Одновременно с Крейгером заболел молодой негр – почти мальчик. Накануне он выловил из воды какого-то неизвестного моллюска и, мучимый голодом, съел его. Утром его стало корчить от острых резей в желудке, началась кровавая рвота. Юноша обессилел, впал в забытье. Сердце его чуть пульсировало, но Таня знала, что если сердце поддержать, то парень наверняка выживет.
За время блужданий по океану походная аптечка Тани почти иссякла – приходилось лечить едва ли не всех пассажиров шлюпки. Когда у Крейгера началась предсмертная агония, к Тане бросился Ванболен:
– Мадам Петрова, Крейгер умирает!.. Впрысните ему камфару! Облегчите последние минуты!..
– Я не могу этого сделать, – вспыхнув, ответила Таня. – Камфары осталось только на один укол… И, если не впрыснуть ее этому мальчику, он умрет. А если впрыснуть, он будет жить.
Ванболен остолбенел.
– То есть как? – воскликнул он. – Вы хотите последнюю дозу камфары отдать черному?!
Бурский полковник Дрентельн и его жена издали какое-то звериное рычание, а мадам Ванболен в бешенстве спросила:
– Значит, вы не хотите поддержать силы умирающего белого человека и христианина? Вы предпочитаете ему грязного черного мальчишку?
– Да-да! – подхватил Драйден. – Ведь речь все-таки идет о белом человеке! Об этом нельзя забывать!
Генерал Блимп, Петерсены, профессор Мандер и другие англичане смотрели на Таню с нескрываемым возмущением.
Таня поднялась.
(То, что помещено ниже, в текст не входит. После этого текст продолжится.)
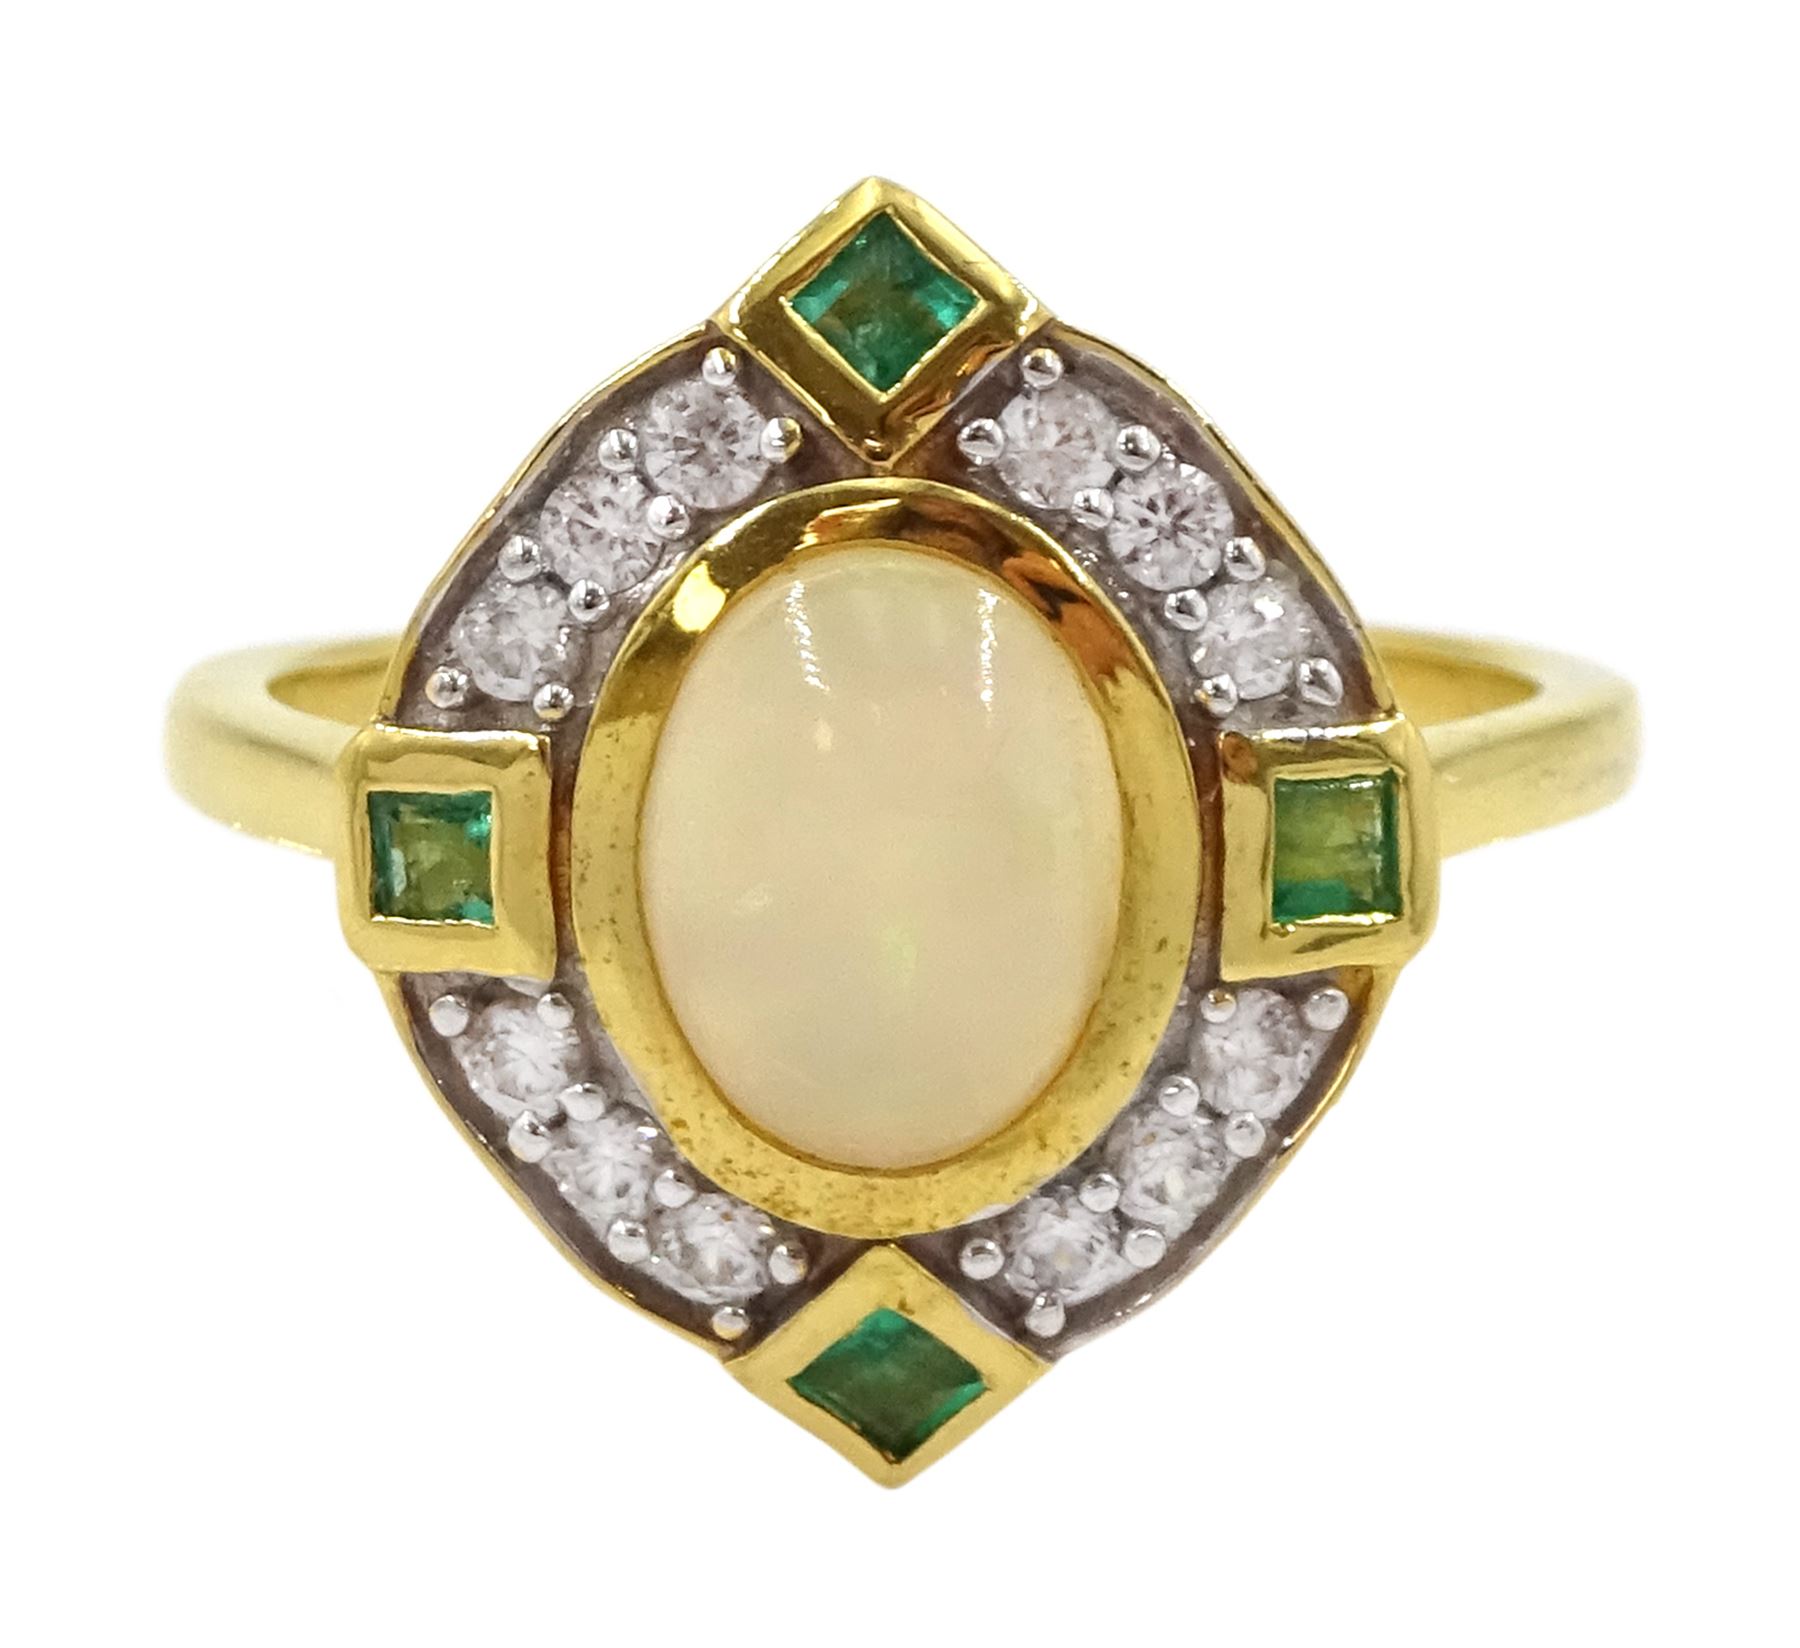 Silver-gilt opal - Image 5 of 5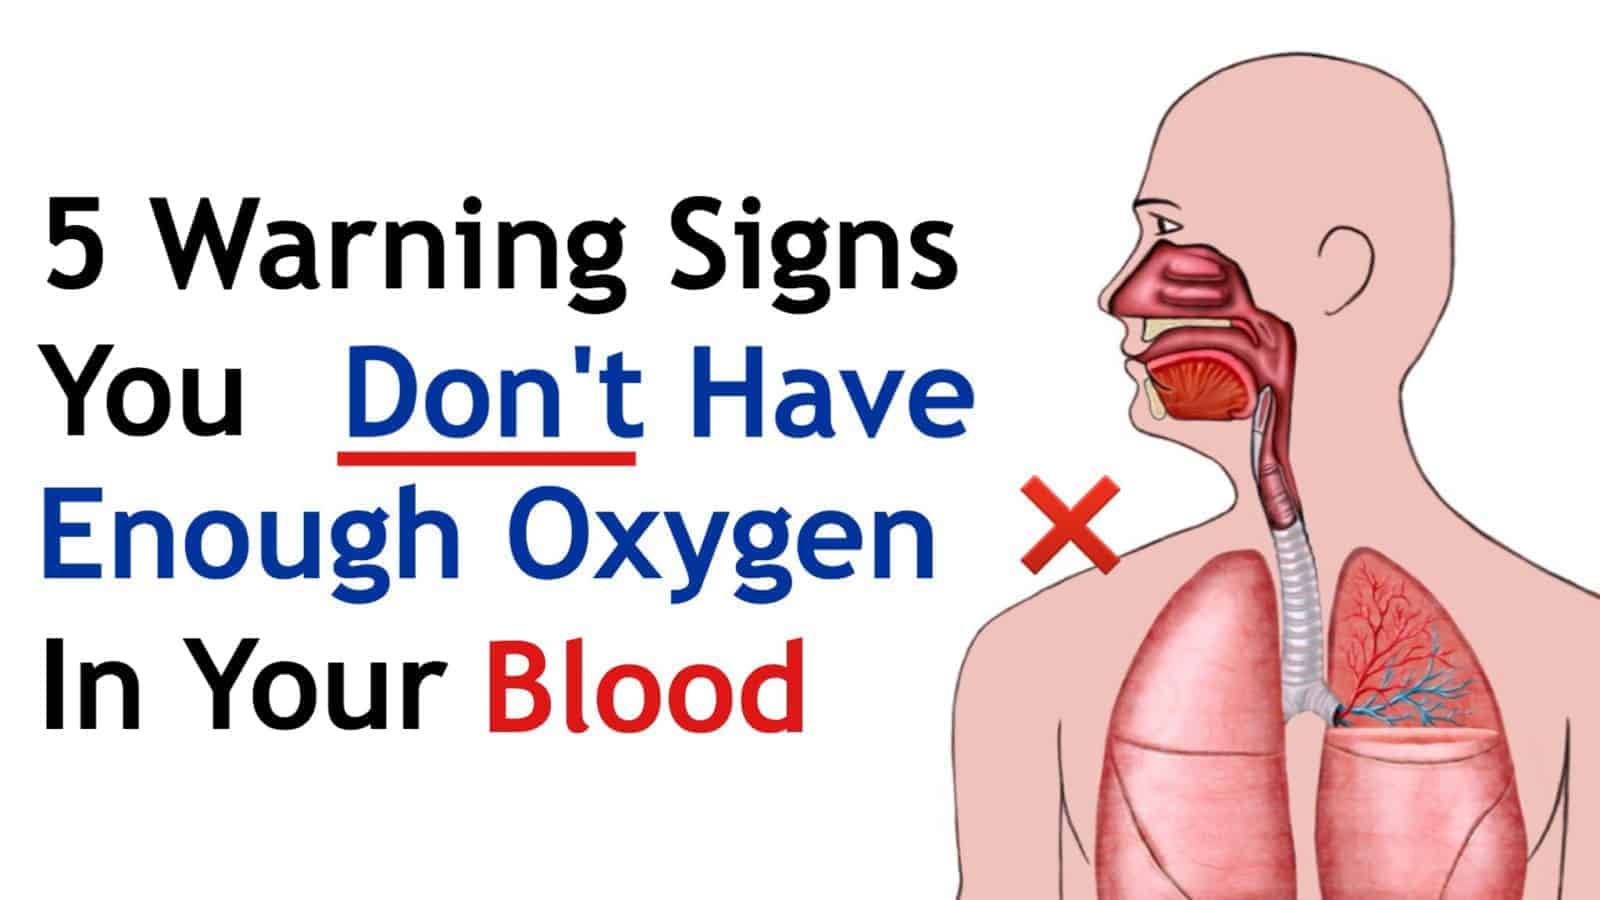 5 Warning Signs You Don’t Have Enough Oxygen In Your Blood

В глазах ее сверкнуло негодование.
– Для меня нет белых и черных, – жестко сказала она. – Для меня есть только люди, которых я лечу по мере своих знаний и возможностей. Крейгера укол не спасет. Он обречен. А этот юноша будет жить! Кстати, господа, он тоже христианин, если для вас это так важно… Свой последний укол камфары я обязана отдать тому, кого он может спасти. Так велит мне долг врача.
«Молодец Танюха!» – с восхищением подумал Степан.
…Голод, мучительный, неутихающий голод уже много дней терзал пассажиров шлюпки № 3. Одна галета в день – что это для взрослого человека? Первые два дня после катастрофы были ужасны: каждому казалось, что внутри у него сидит какой-то хищный зверь, который рвет когтями желудок, печень. Потом боль несколько ослабела, стала более тупой, ноющей. Некоторые впали в состояние длительного изнеможения: не хотелось ни говорить, ни двигаться; хотелось лишь закрыть глаза, лечь и безвольно отдаться течению времени и событий.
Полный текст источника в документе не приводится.